• [WORK ITEM]:
From the line containing "Microsoft authorized refurbished PCs" to the last line of the data, both included, transcribe each line exactly, leaving out pictures and adding nothing.

• [SOURCE DATA]:
########################################
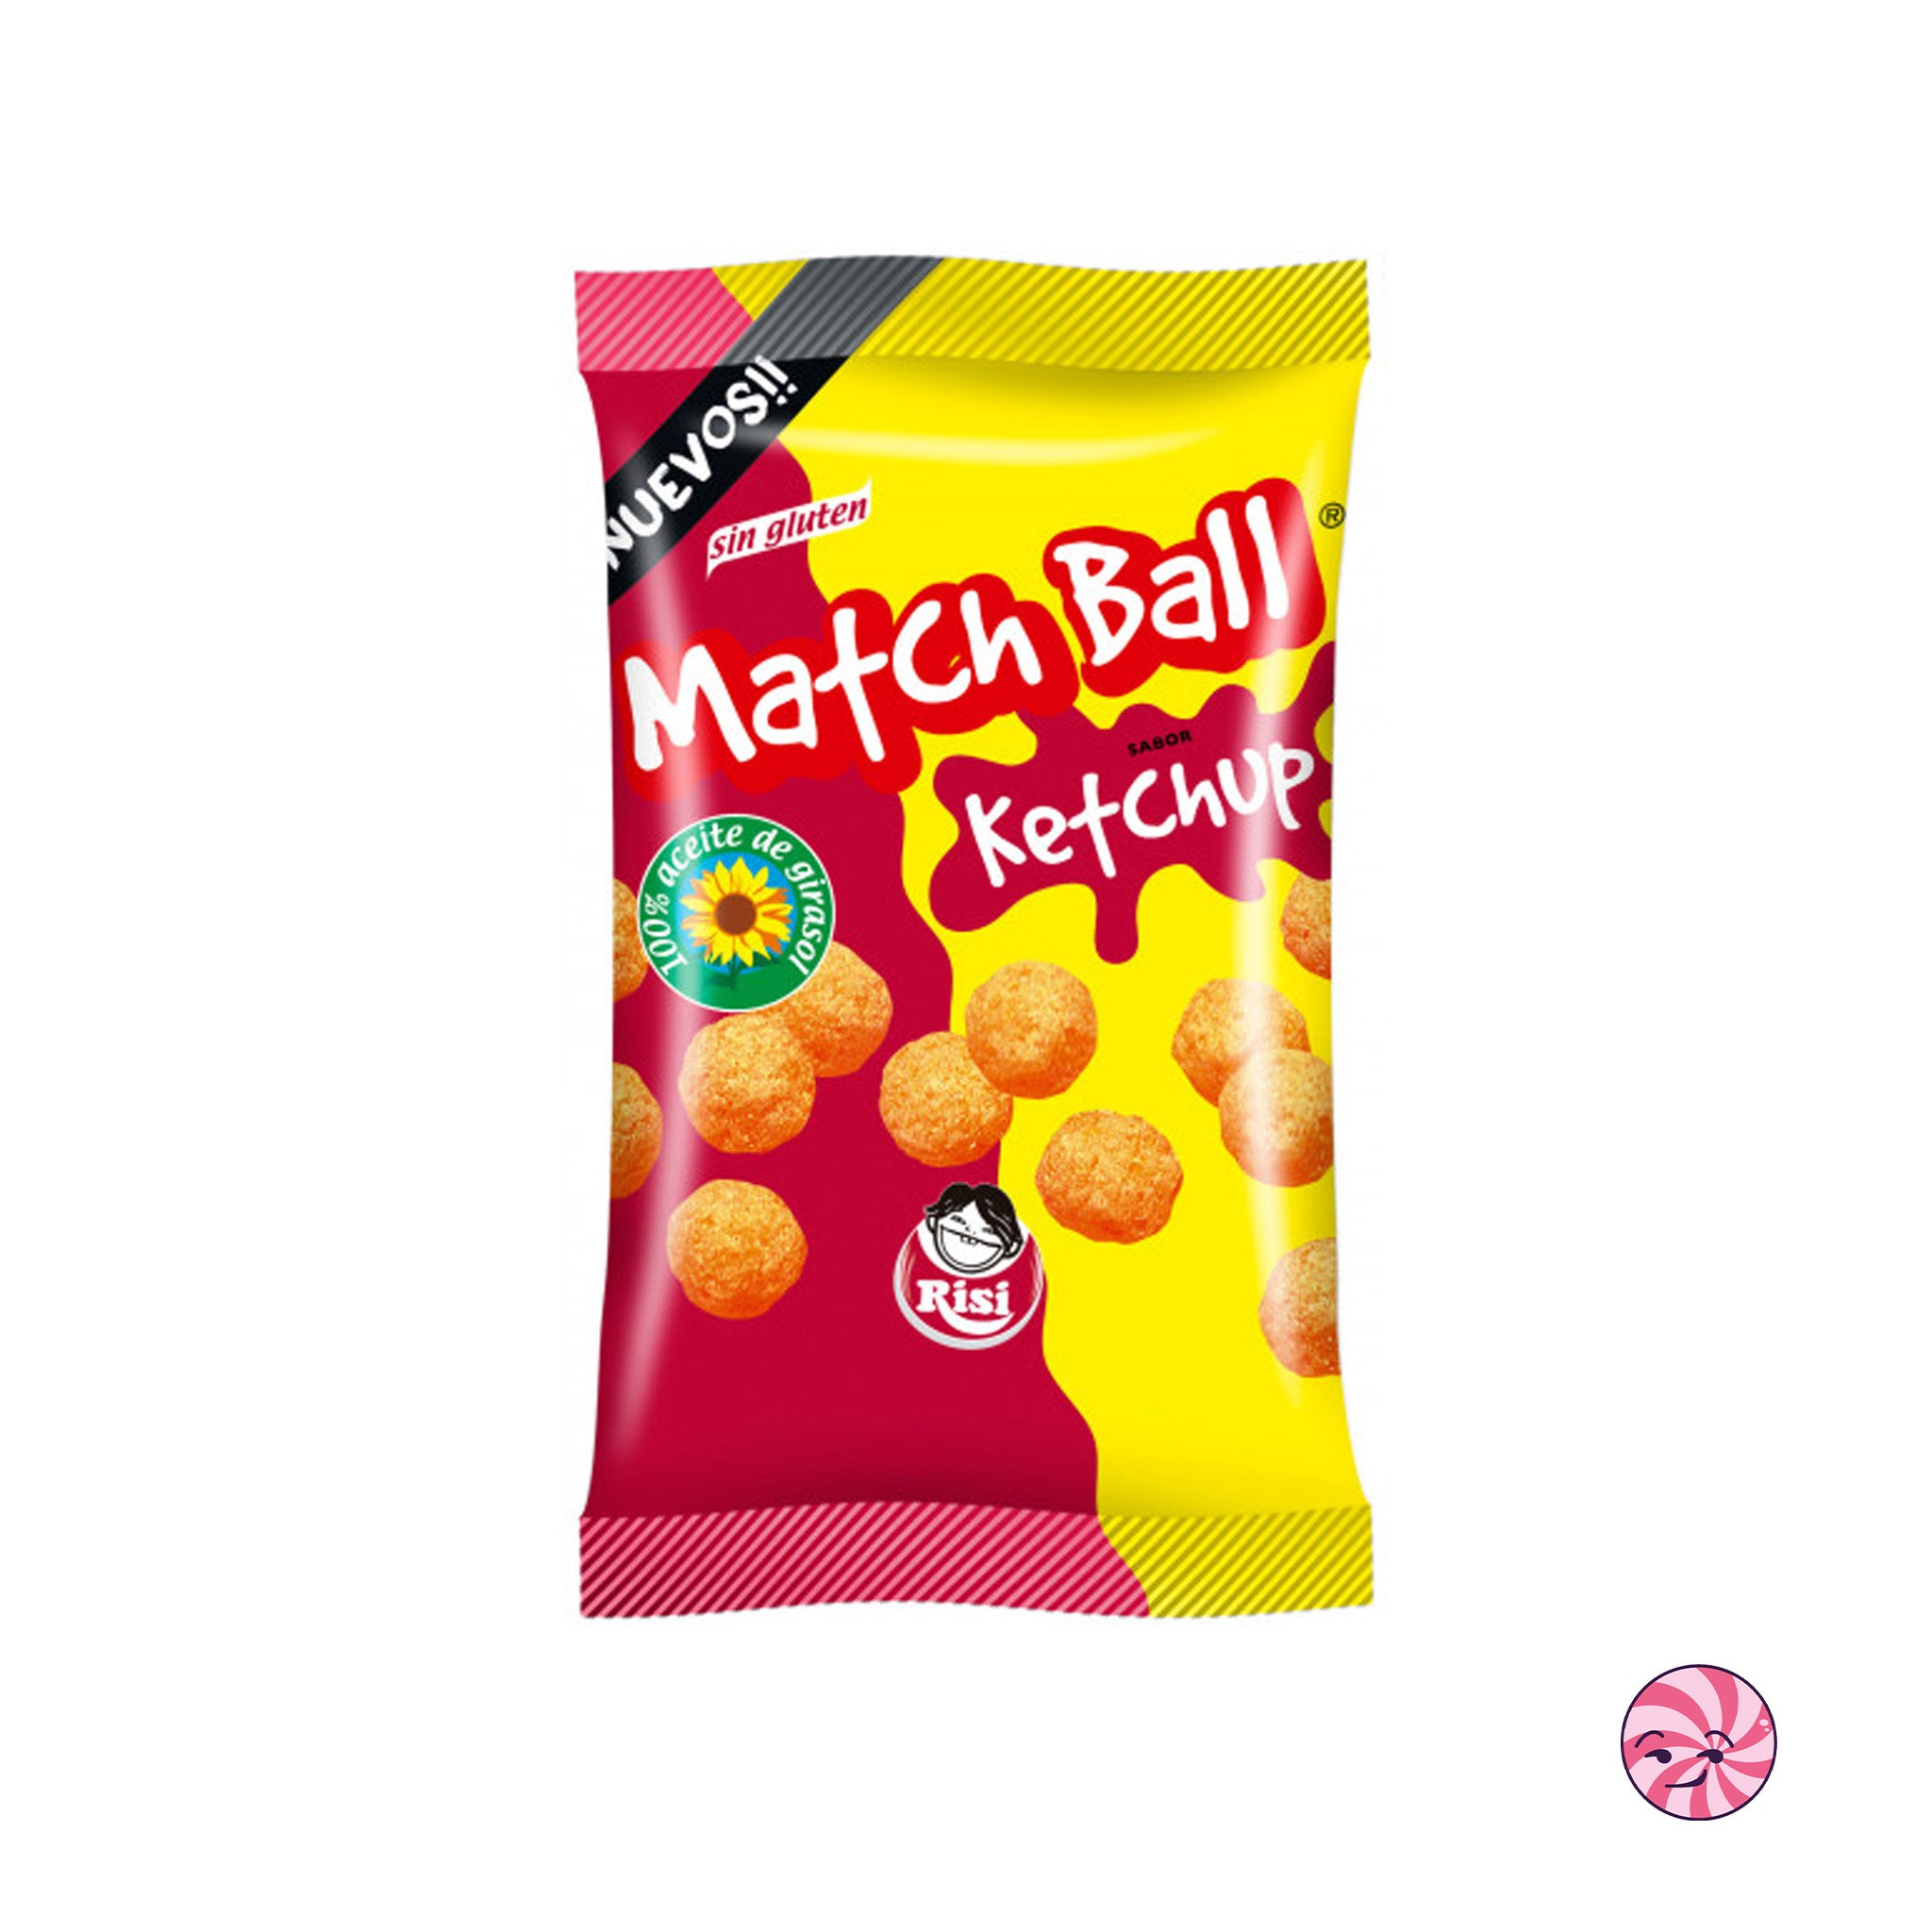 Match Ball Ketchup
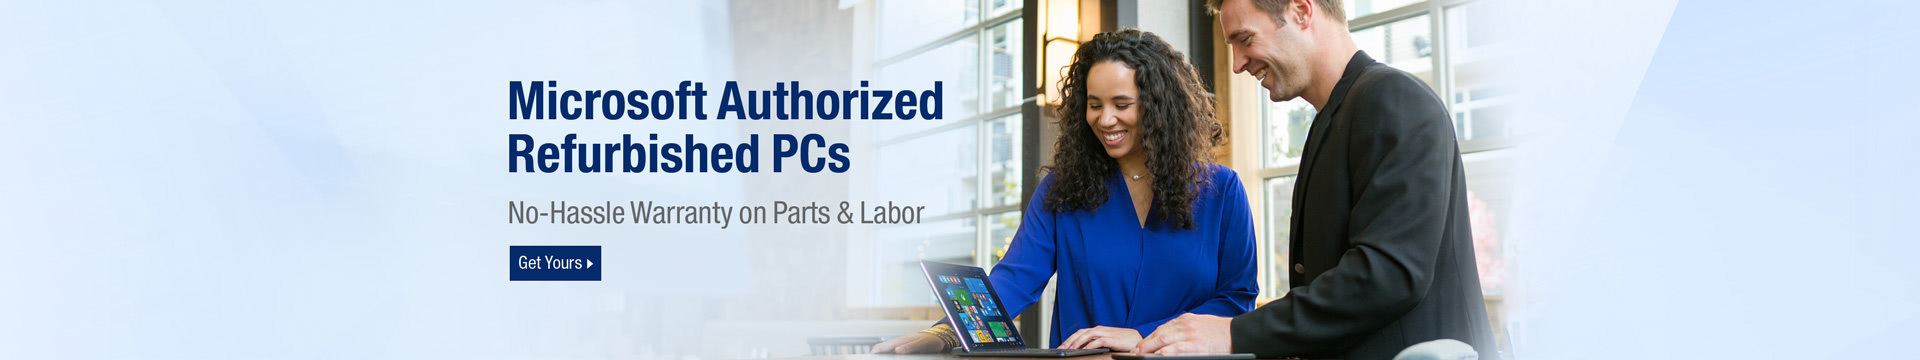 Microsoft authorized refurbished PCs
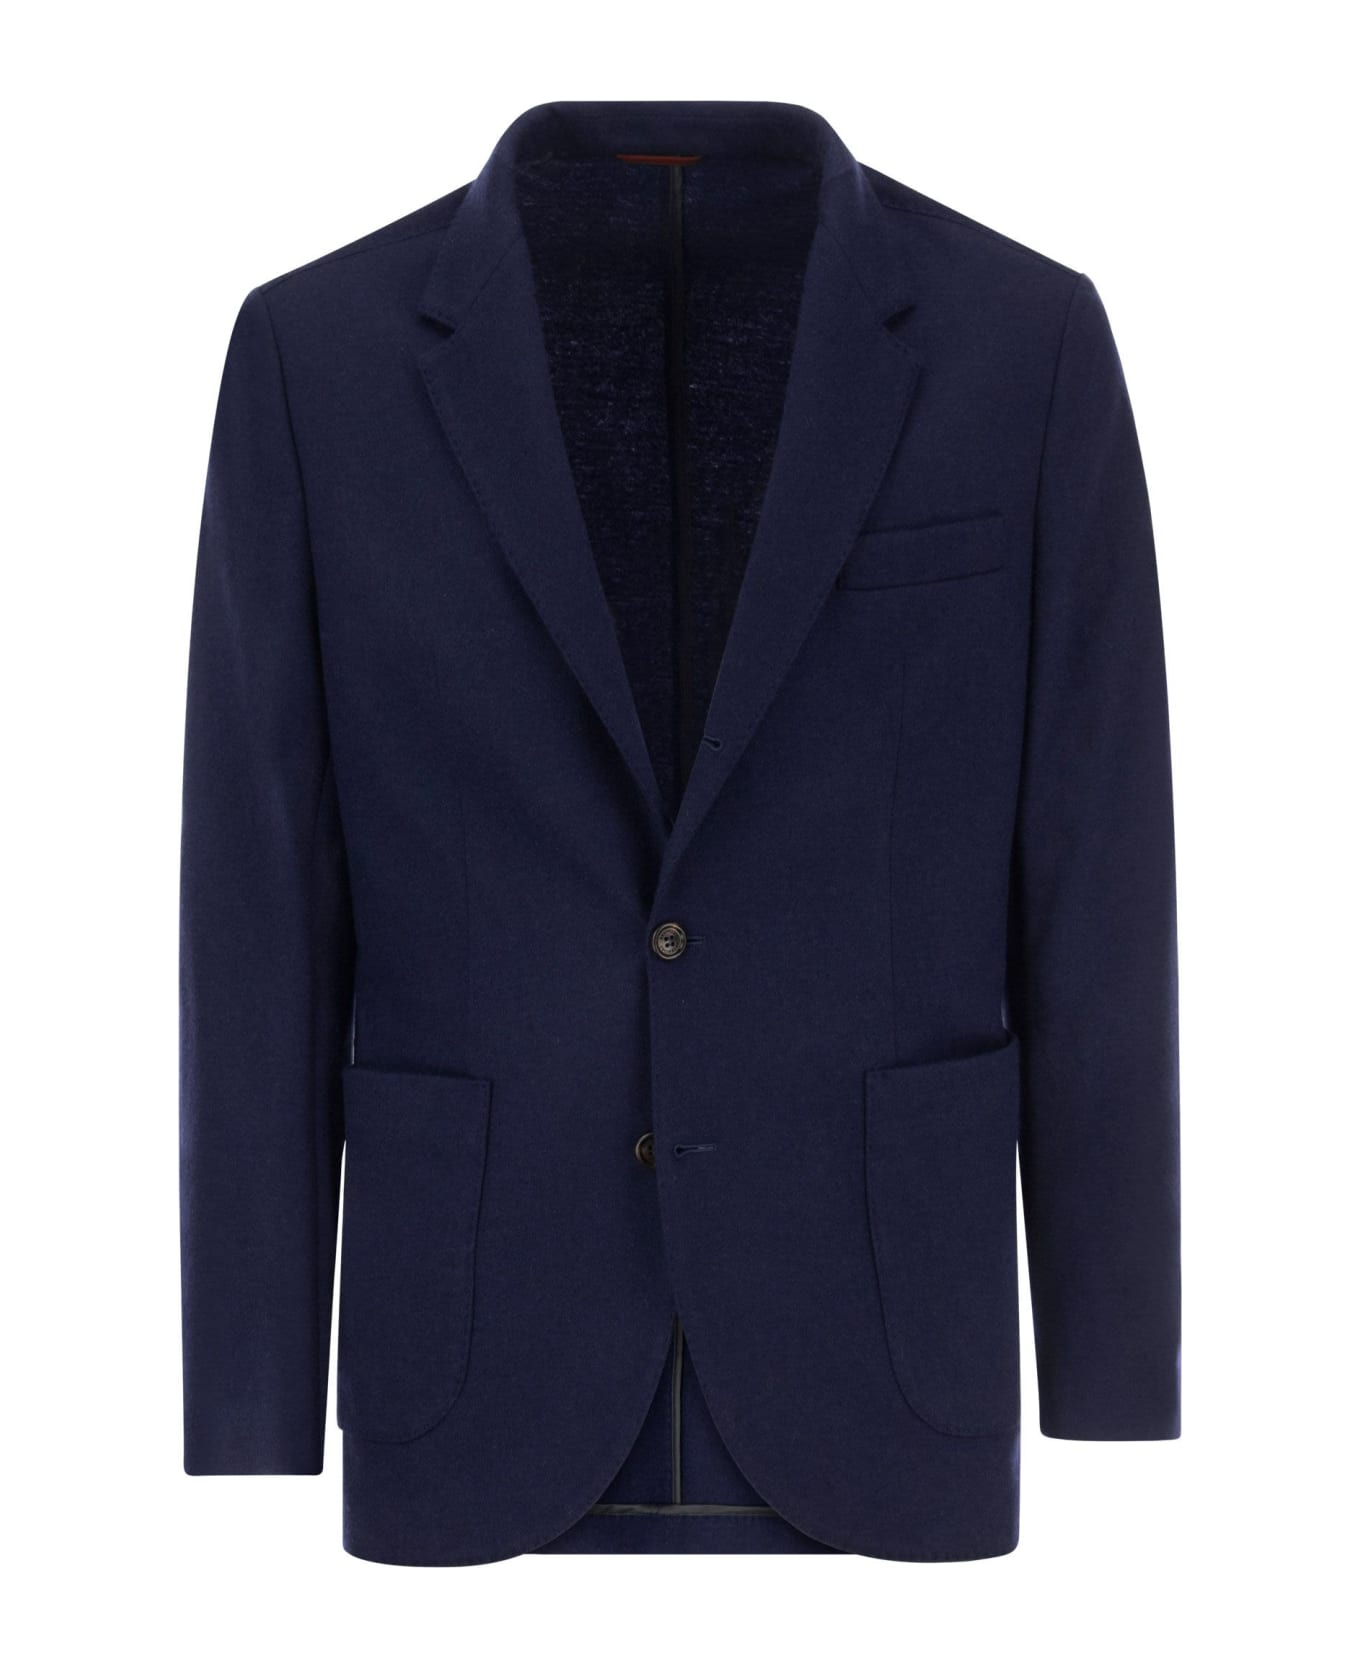 Brunello Cucinelli Cashmere Jersey Blazer With Patch Pockets - Cobalt スーツ
########################################
• [RESULT OF THE TASK]:
 Microsoft authorized refurbished PCs
 Brunello Cucinelli Cashmere Jersey Blazer With Patch Pockets - Cobalt スーツ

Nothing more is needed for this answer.